= Elaine MacInnes =

Canadian nun and Zen master (1924–2022)

Elaine MacInnes (7 April 1924 – 29 November 2022) was a Canadian Catholic nun and Zen master. She was notable for integrating Zen meditation with her Catholic faith and promoting the use of meditation and yoga in prisons as a tool for rehabilitation and spiritual growth.

==Early life and education==
Elaine MacInnes was born in Moncton, New Brunswick, Canada and was the eldest of six children in a Catholic family. She demonstrated an early aptitude for music, leading her to study at Mount Allison University, where she earned a degree in music. She continued her education at The Juilliard School in New York City, before returning to Canada to teach at the Royal Conservatory of Music in Calgary and perform with the Edmonton Symphony Orchestra.

==Religious life and Zen practice==
MacInnes entered the religious order of Our Lady's Missionaries in 1953. Initially sent to Japan to teach violin, she became interested in Zen meditation. Under the tutelage of Yamada Koun at the Sanbo Kyodan in Japan during the 1970s, she became a Zen Master (Roshi). MacInnes integrated her understanding of Zen meditation with her Catholic faith, focusing on the universal principles of spirituality.

==Work in prisons==
MacInnes began teaching meditation in prisons in the Philippines in 1980. She responded to a request from individuals seeking ways to cope with the psychological impact of imprisonment and torture. She later expanded her efforts in the United Kingdom, where she collaborated with the Phoenix Prison Trust, an organization promoting yoga and meditation in prisons. Her work gained support from actor Jeremy Irons, who served as a patron of the Trust.

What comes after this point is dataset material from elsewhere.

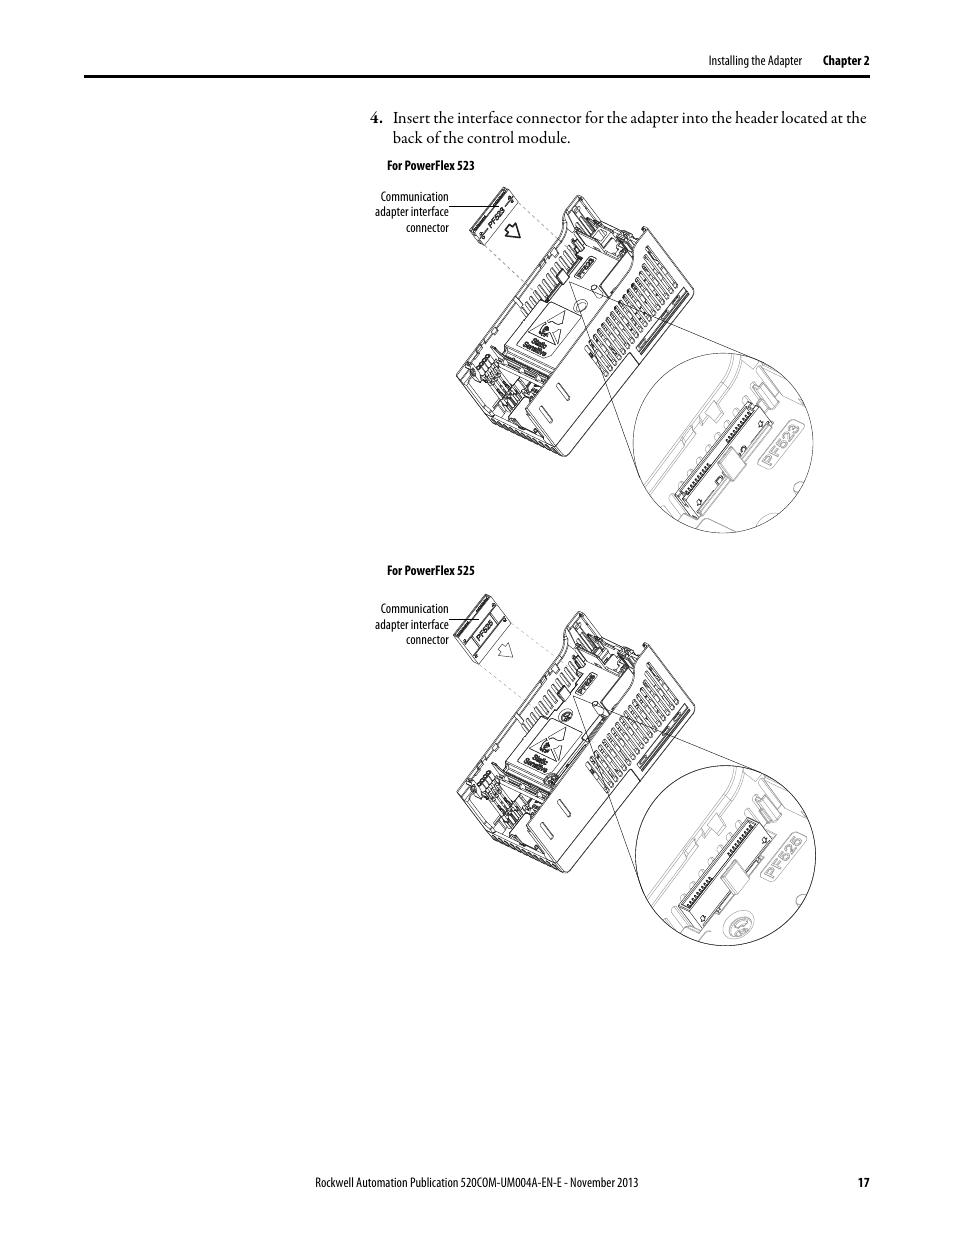 Rockwell Automation 25-COMM-P PowerFlex PROFIBUS DPV1

In 2004, MacInnes founded Freeing the Human Spirit, a Canadian non-profit organization dedicated to bringing meditation and yoga to incarcerated individuals. Under her leadership, the initiative reached 28 prisons across Canada by 2013, after which she retired from active involvement. The organization remains active.

==Publications==
MacInnes wrote several books addressing spirituality, meditation and her experience in Zen practice. Key publications include:

- Light Sitting in Light: A Christian's Experience in Zen (1992) ISBN 9780006279488
- The Flowing Bridge: Guidance on Beginning Zen Koans (2008)
- Zen Contemplation for Christians (2012)
- Freeing the Spirit through Meditation and Yoga by Sandy Chubb, Korky Paul, and Sister Elaine MacInnes (1995)

==Recognition==
MacInnes was named an Officer of the Order of Canada in 2001 for her contribution to prison rehabilitation through yoga and meditation. This recognition highlighted her international impact, particularly her work in the Philippines and the United Kingdom.

==Death and legacy==
MacInnes died on 29 November 2022. The Sister Elaine MacInnes Community Impact Award, launched in 2024, recognizies outstanding yoga and meditation instructors in Canada.